====== Data supplied ======

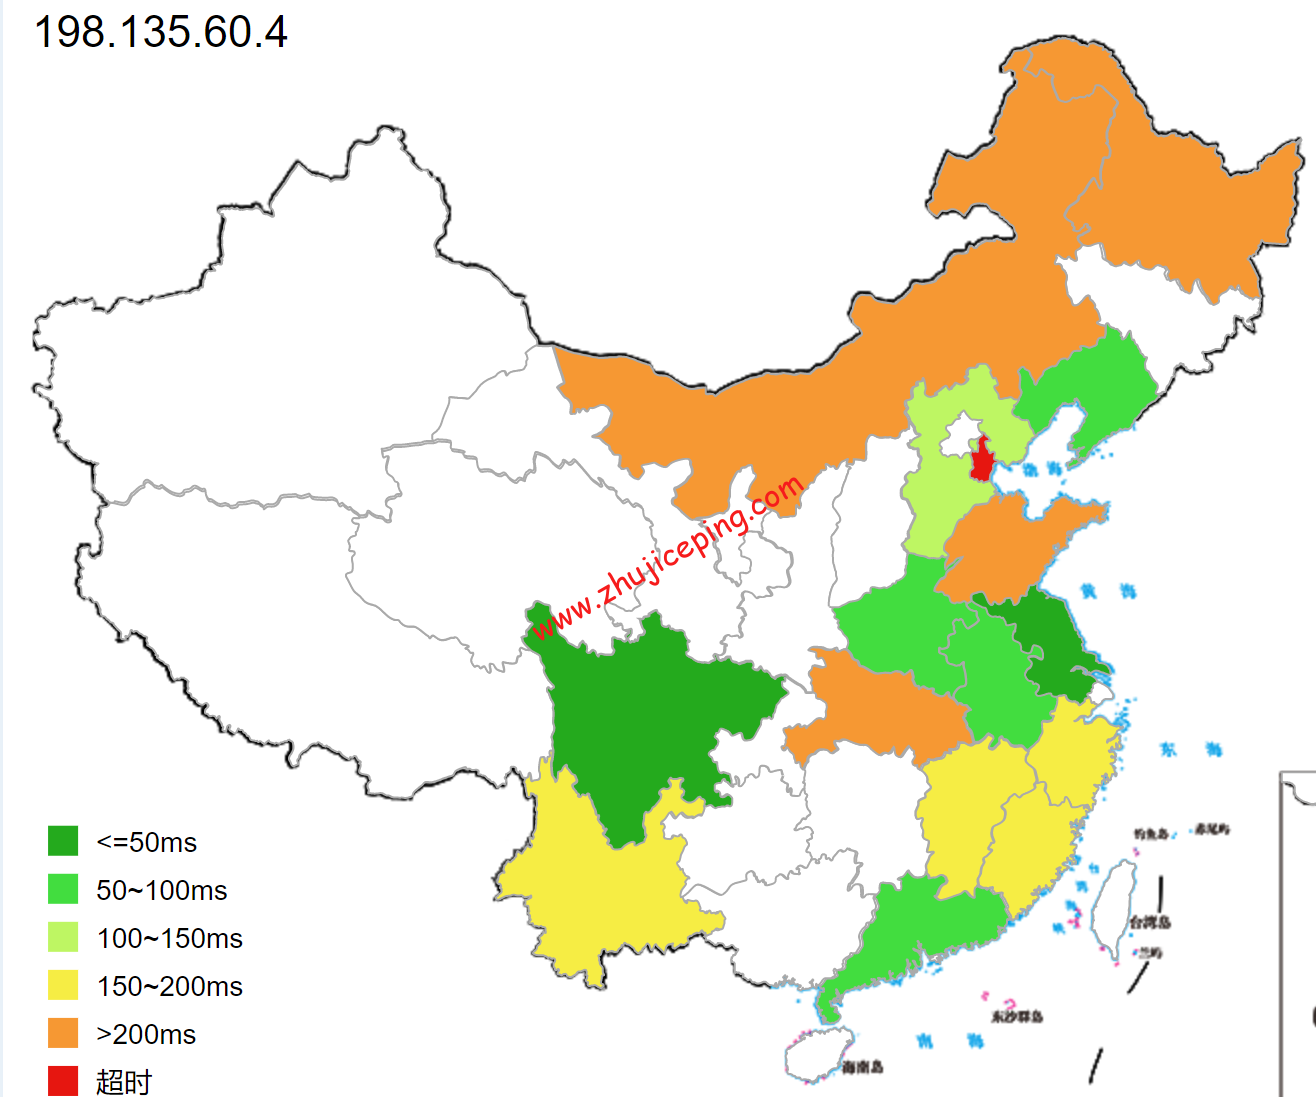 spinservers中国电信网络版服务器测评：三网往返全直连
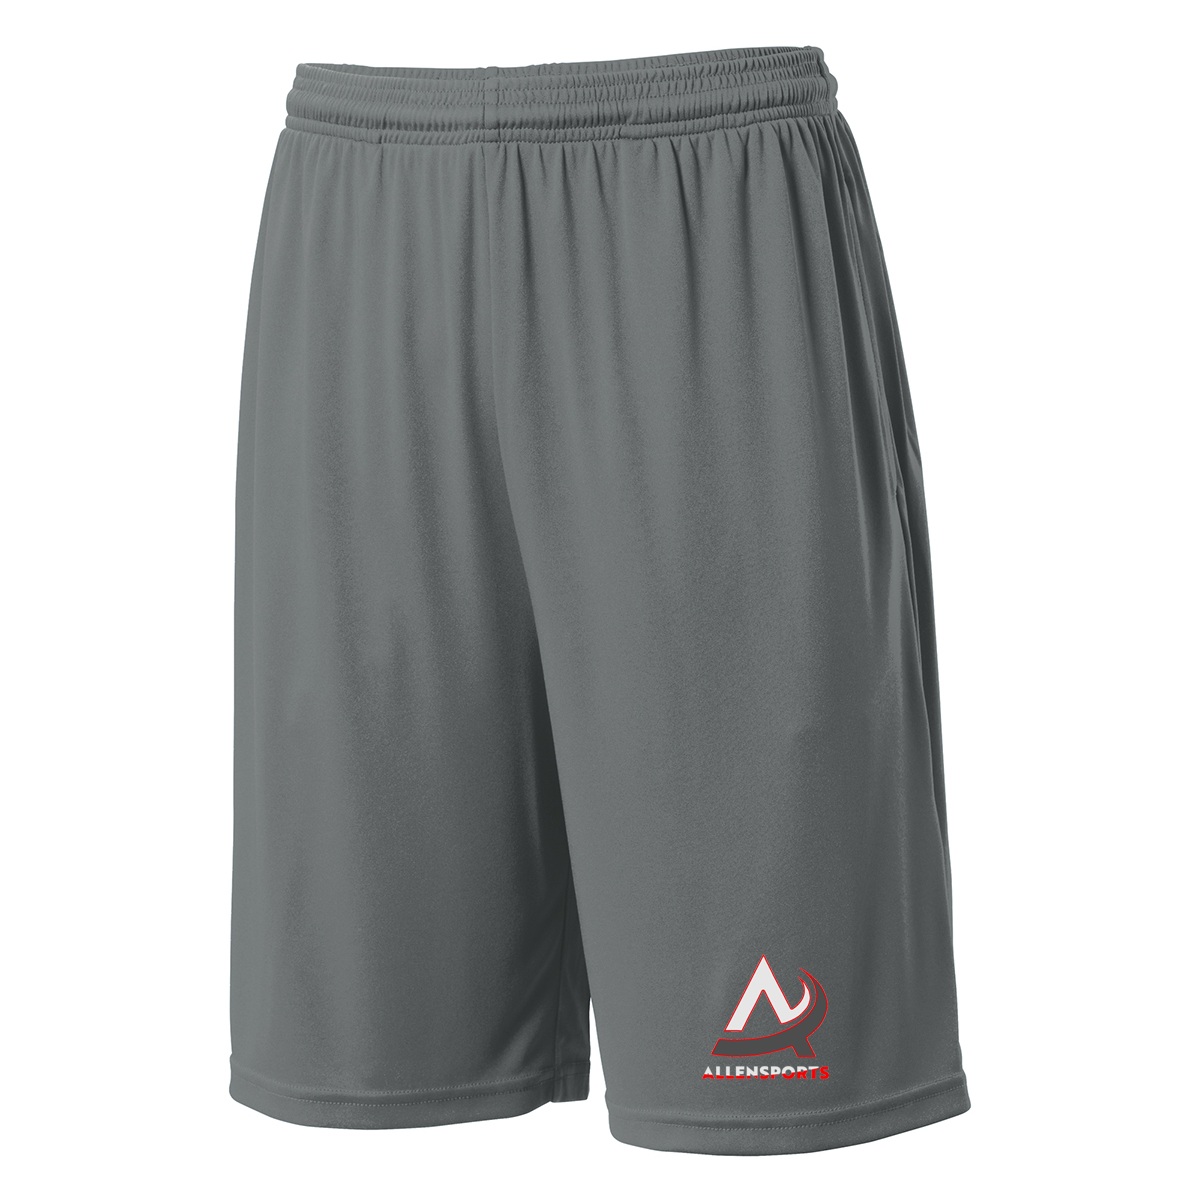 AllenSports Shorts
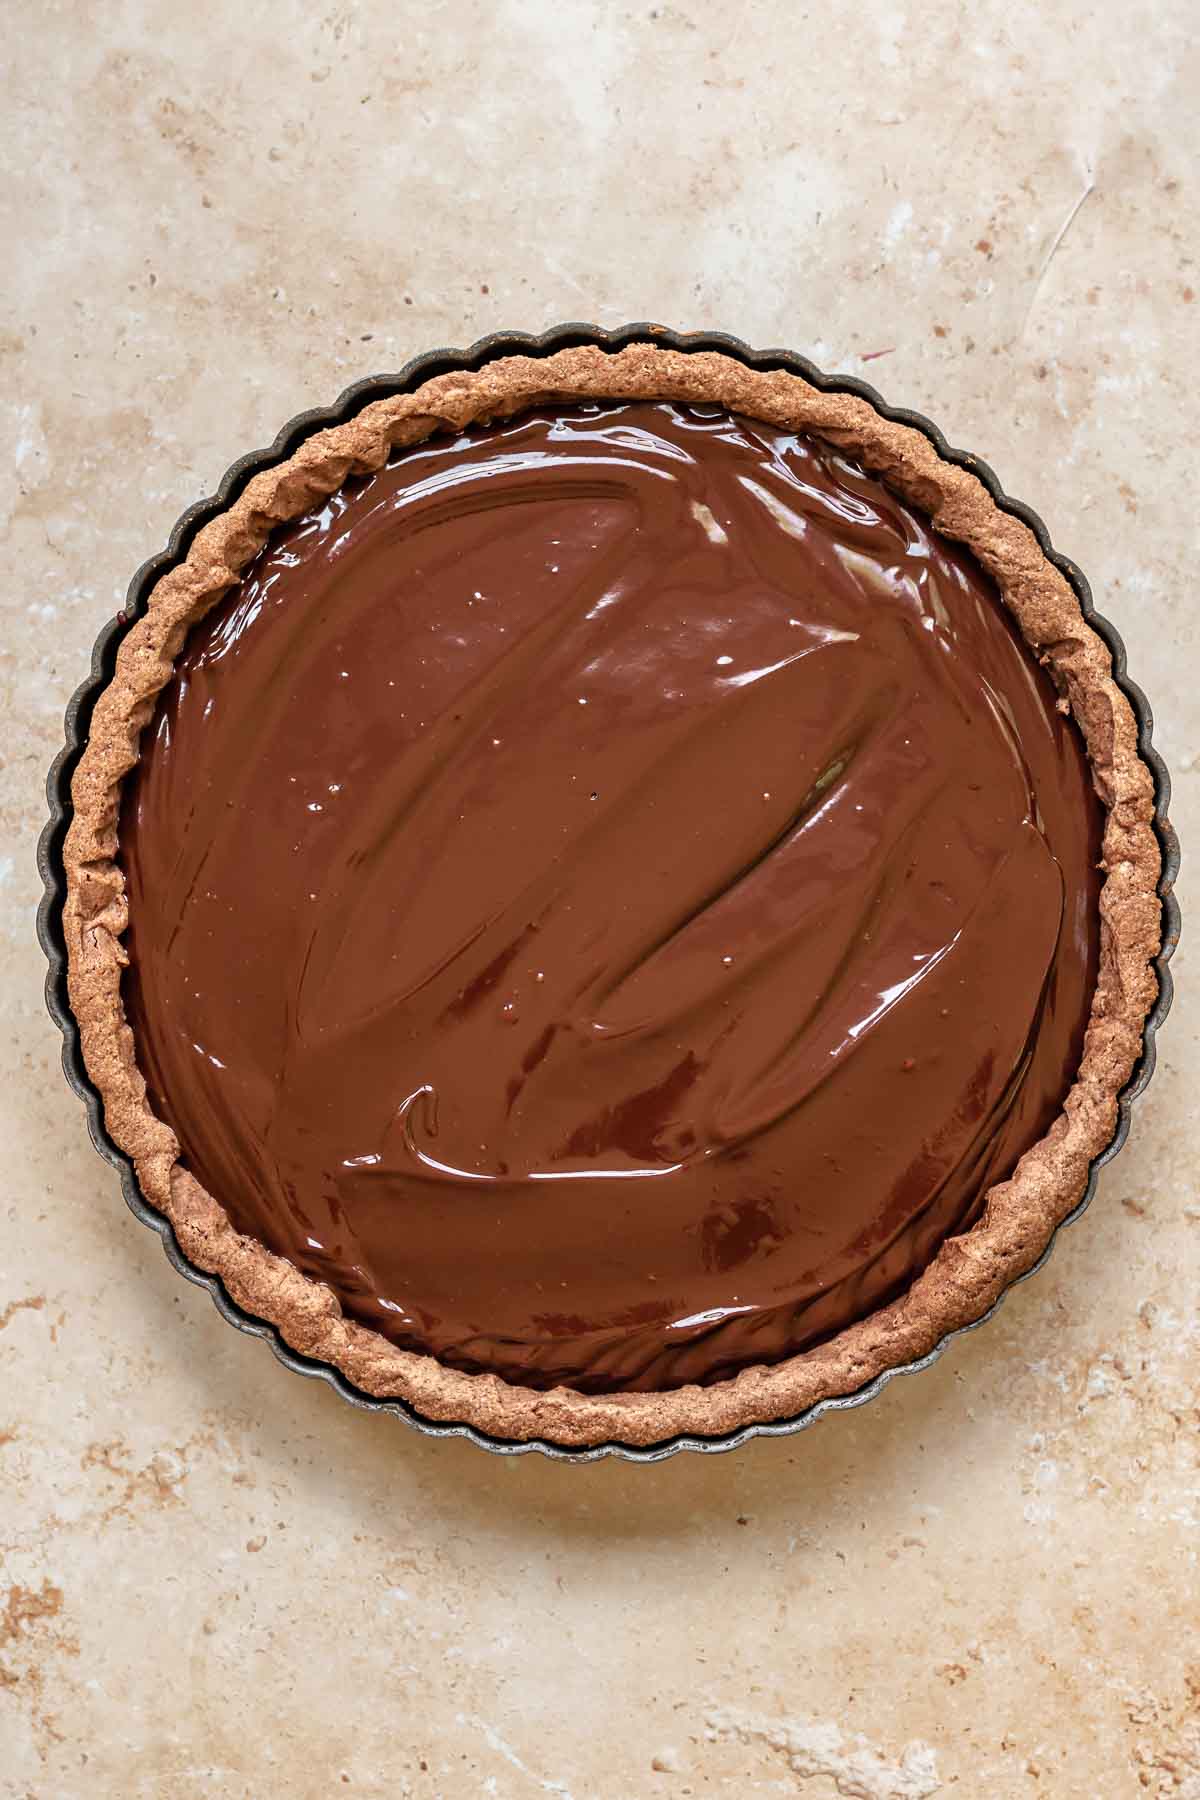 Dark chocolate ganache in a tart shell spread smoothly.
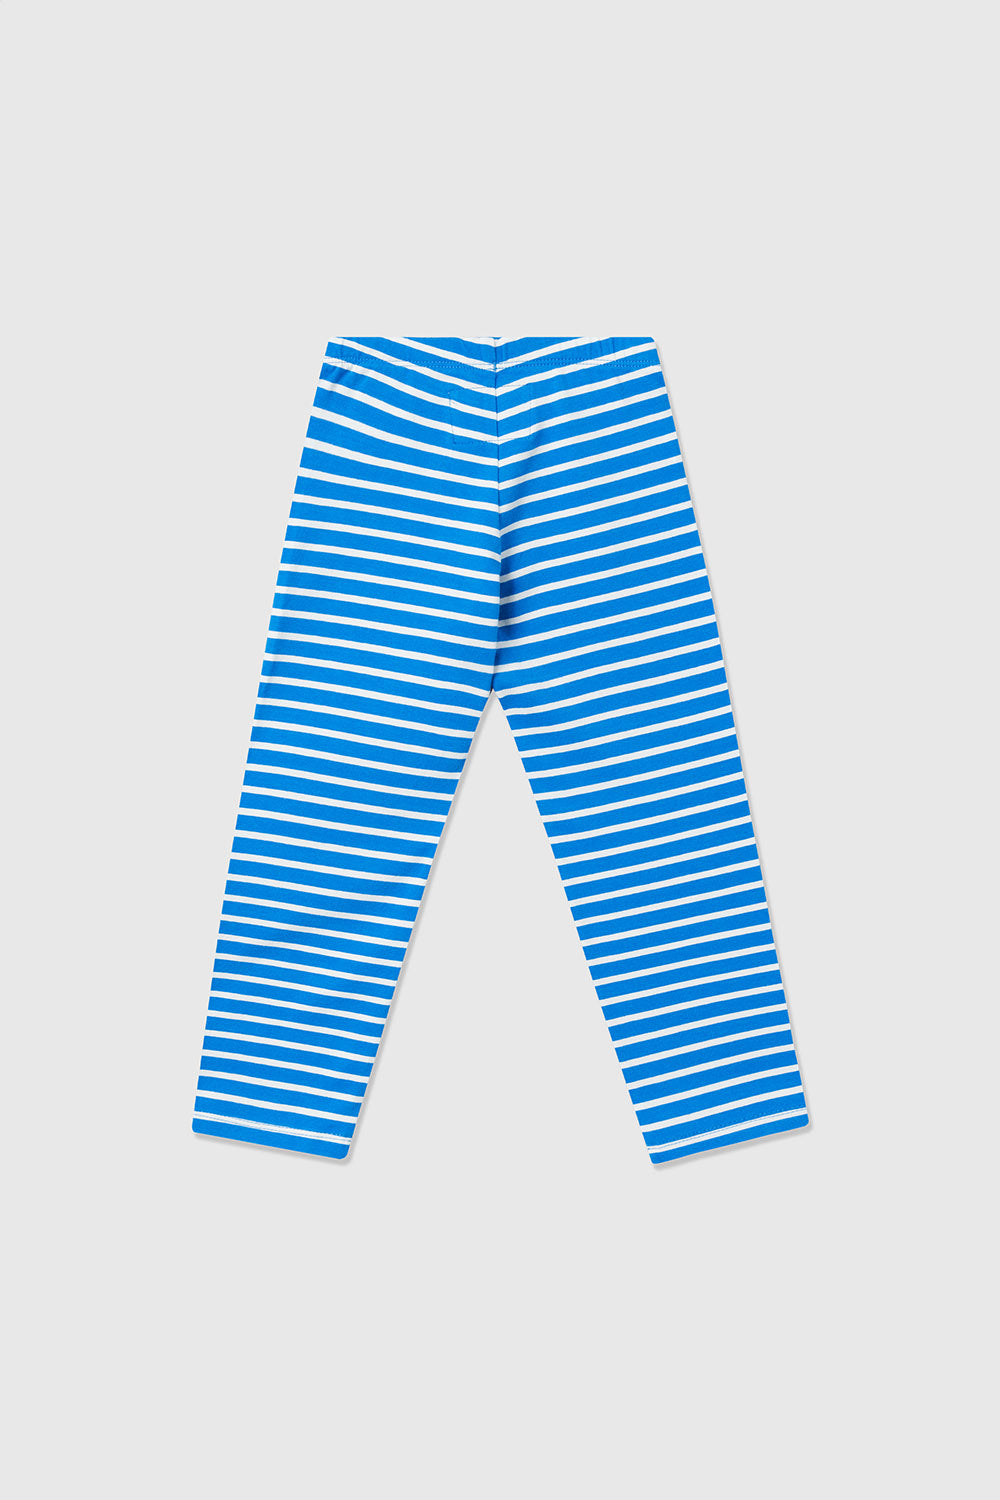 Azure blue stripes
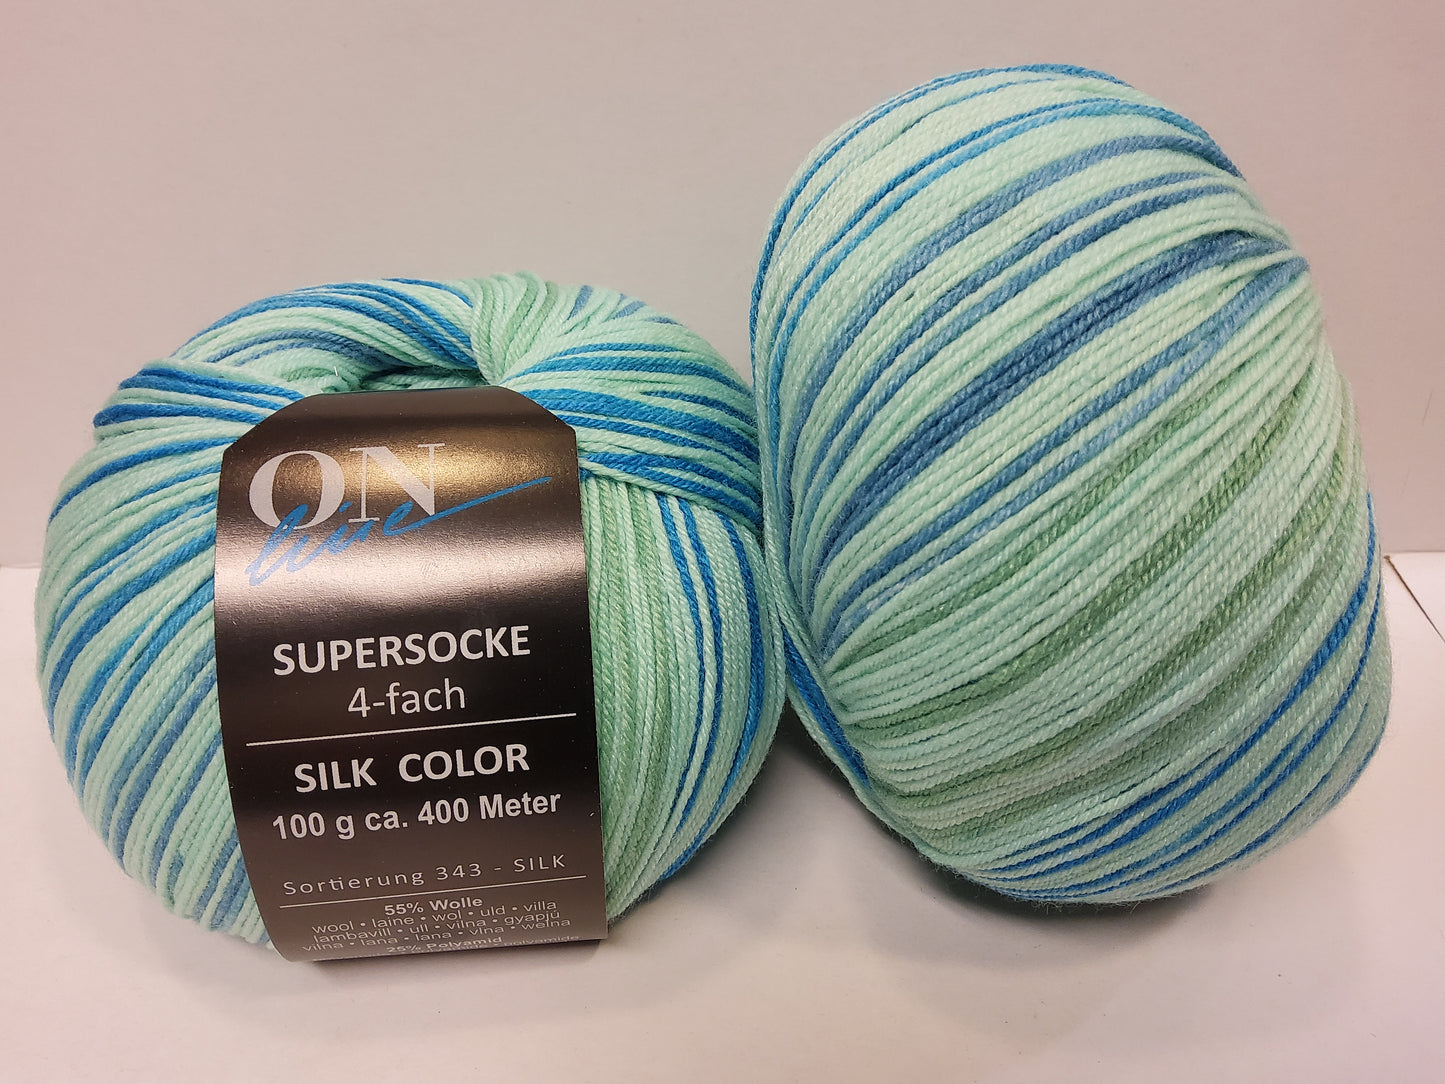 Supersocke 4-fach Silk Color Sortierung 343
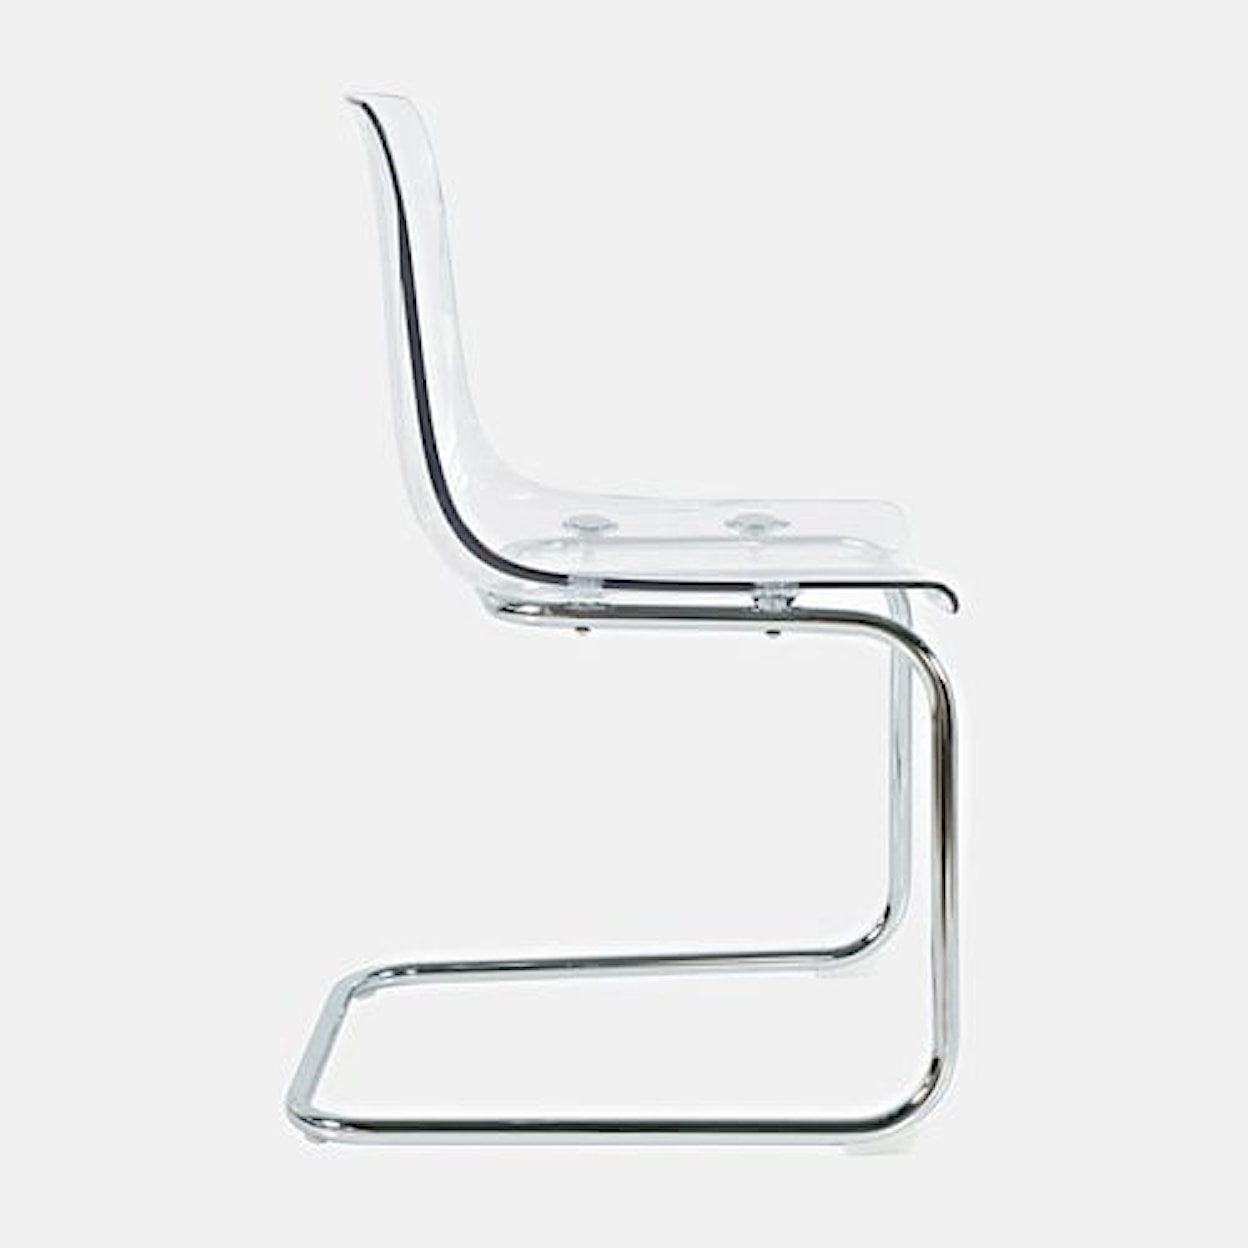 Jofran Clarity Dining Chair (2/CTN)

======

▶ _Task description_
Line by line, print the records above exactly, skipping each picture.

▶ _Answer box_
 spinservers中国电信网络版服务器测评：三网往返全直连
 AllenSports Shorts
 Dark chocolate ganache in a tart shell spread smoothly.
 Azure blue stripes
 Supersocke 4-fach Silk Color Sortierung 343
 Jofran Clarity Dining Chair (2/CTN)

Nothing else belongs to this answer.